→ **Action item**: Pictures in the listing below are skipped, while the lines from the "Rare Hermès Birkin" line through the "Clases de esquí" line are returned word for word.

→ **Material for the task**:
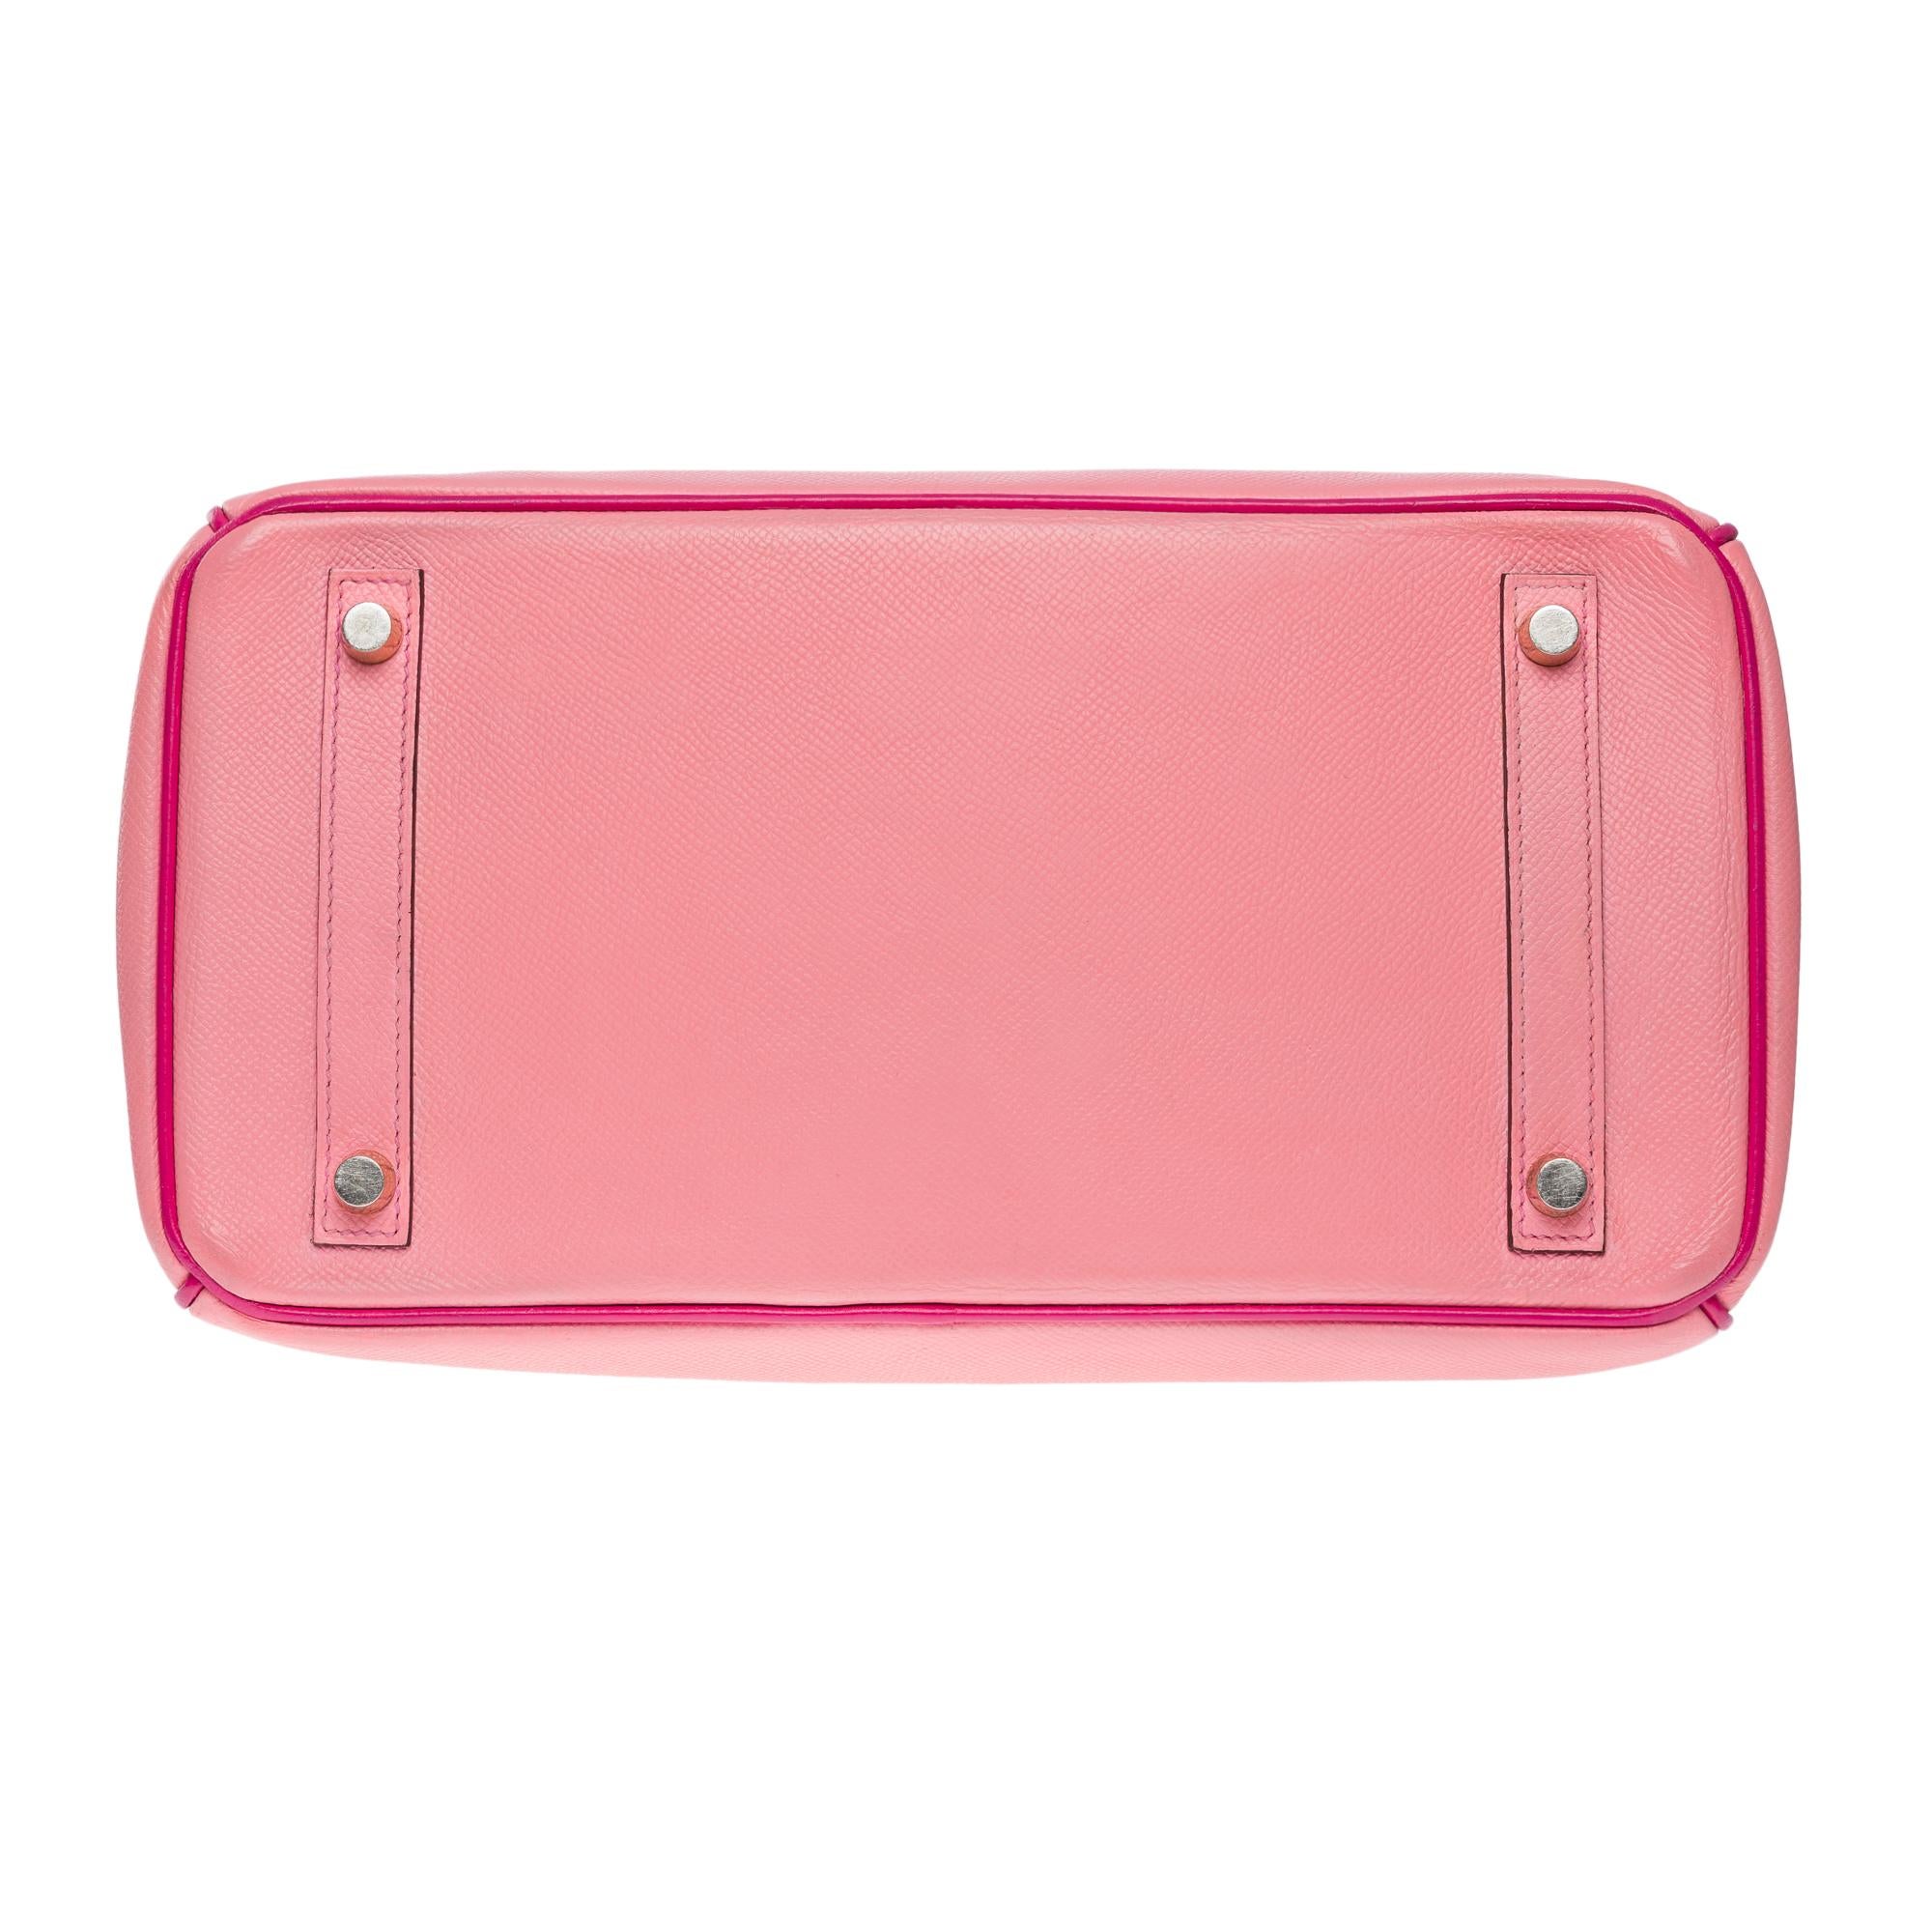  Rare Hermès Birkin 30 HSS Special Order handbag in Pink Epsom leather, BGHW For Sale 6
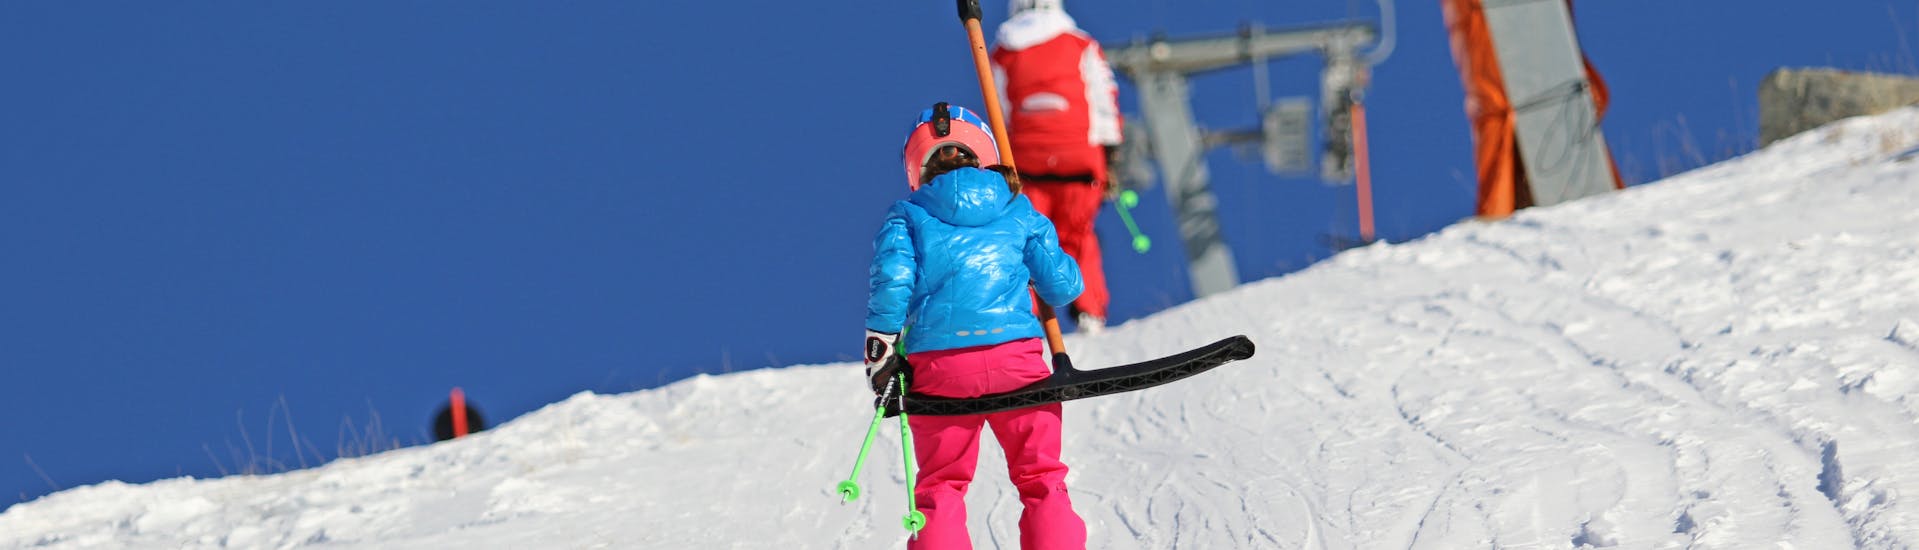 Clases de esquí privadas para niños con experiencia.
==
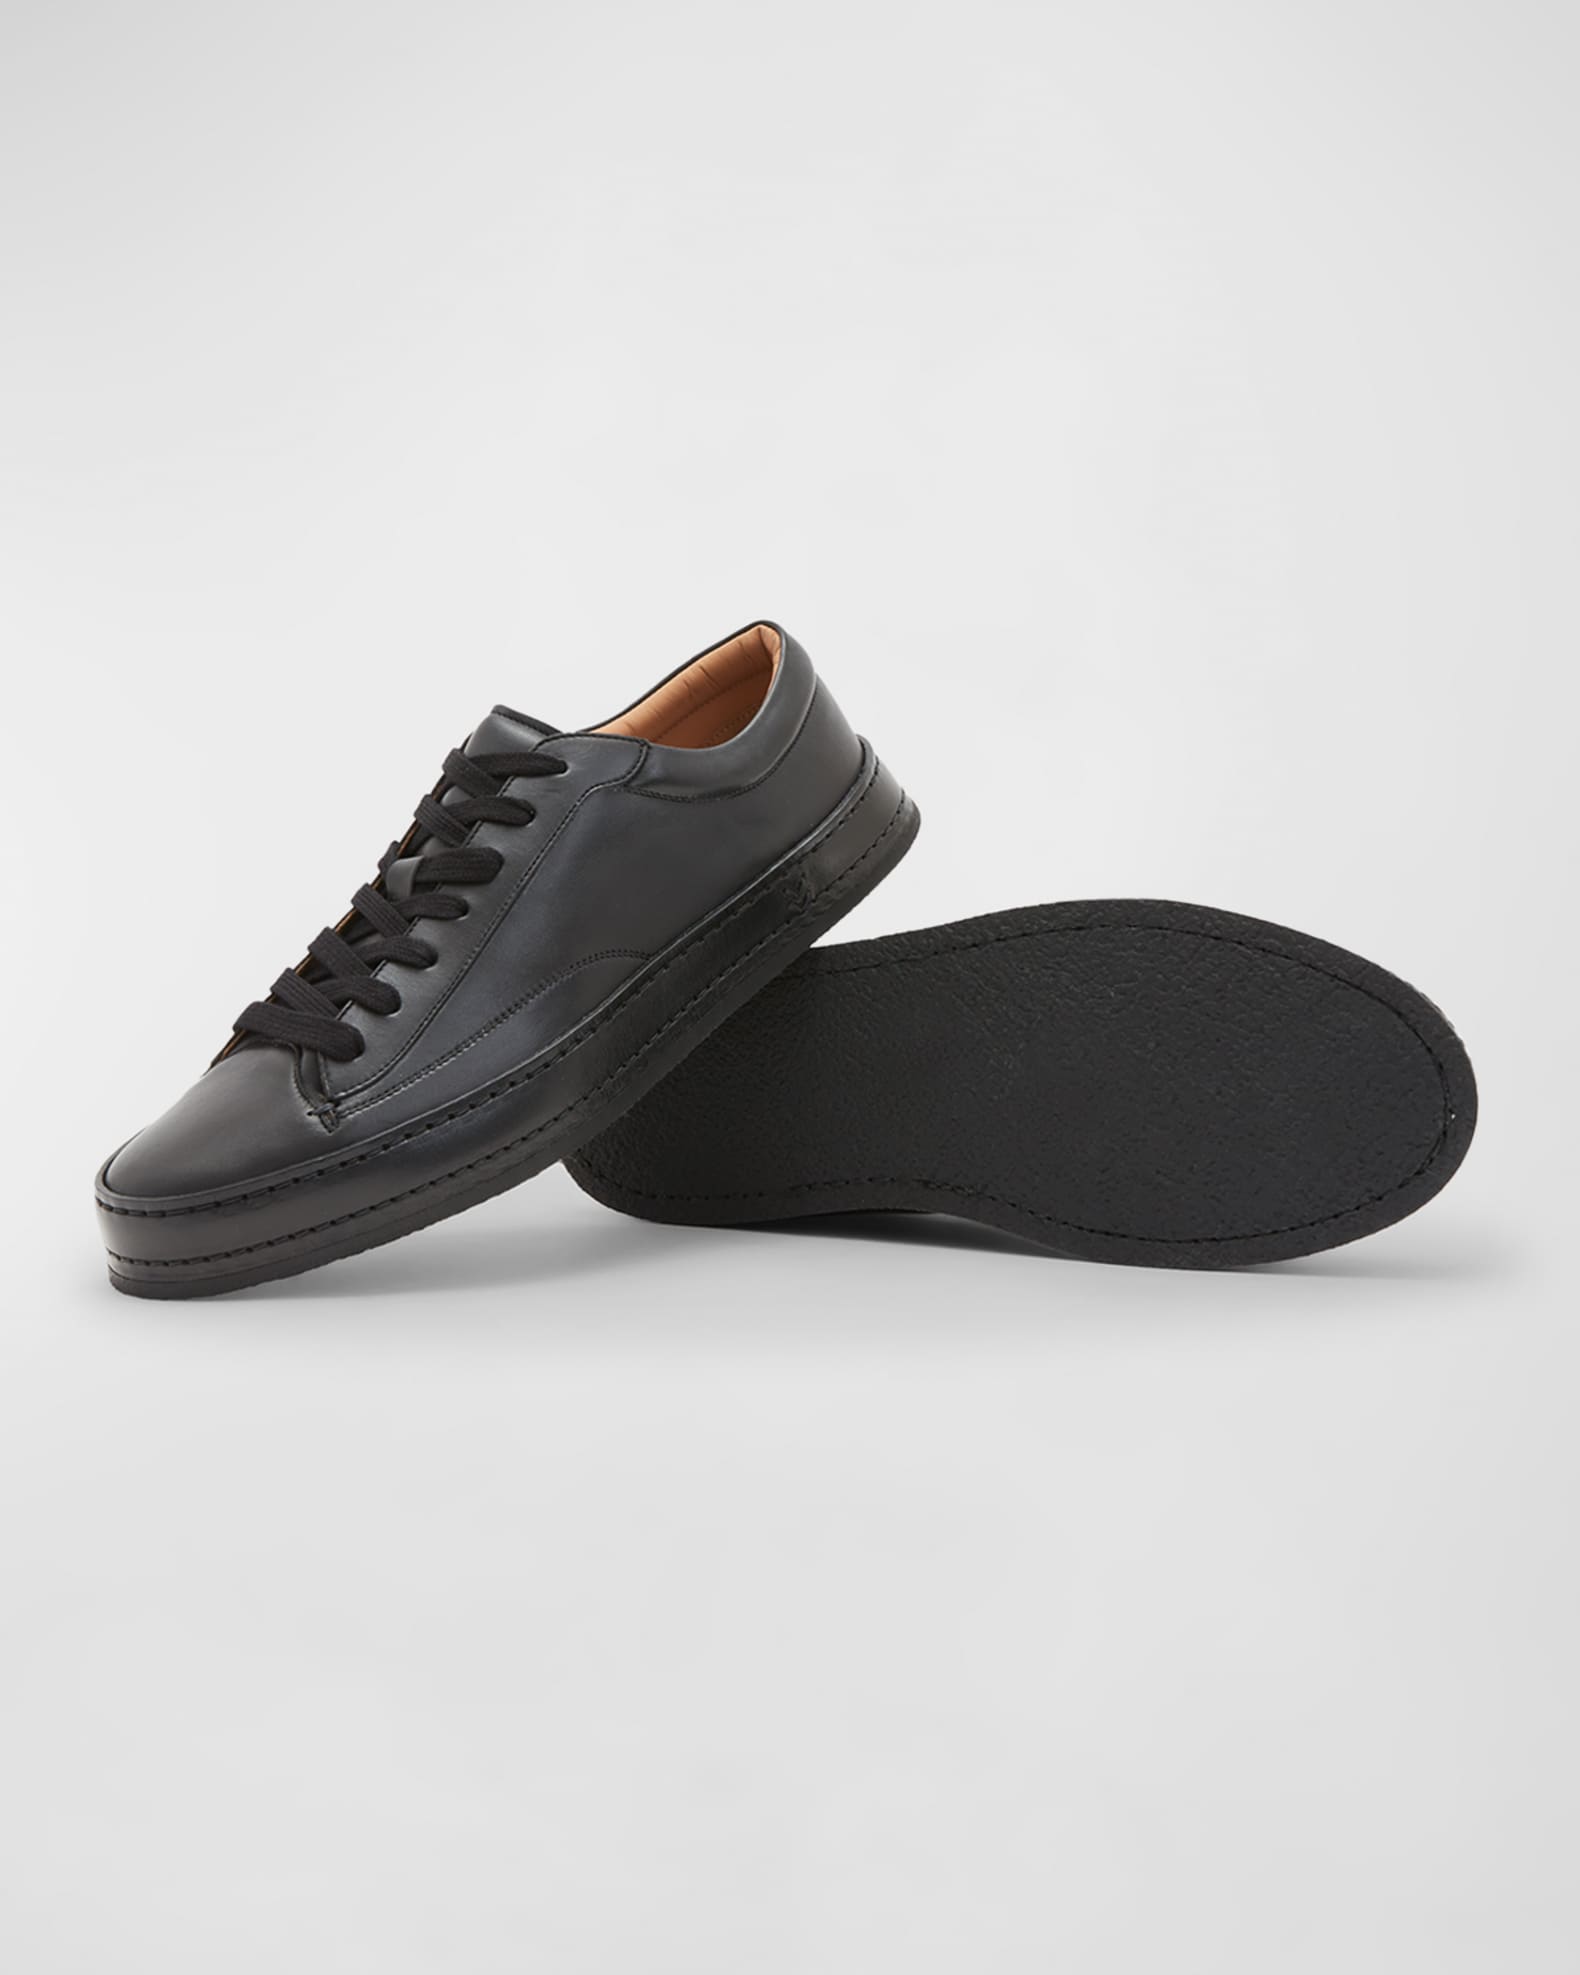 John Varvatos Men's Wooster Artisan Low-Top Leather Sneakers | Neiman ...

→ **Result of the exercise**:
  Rare Hermès Birkin 30 HSS Special Order handbag in Pink Epsom leather, BGHW For Sale 6
 Clases de esquí privadas para niños con experiencia.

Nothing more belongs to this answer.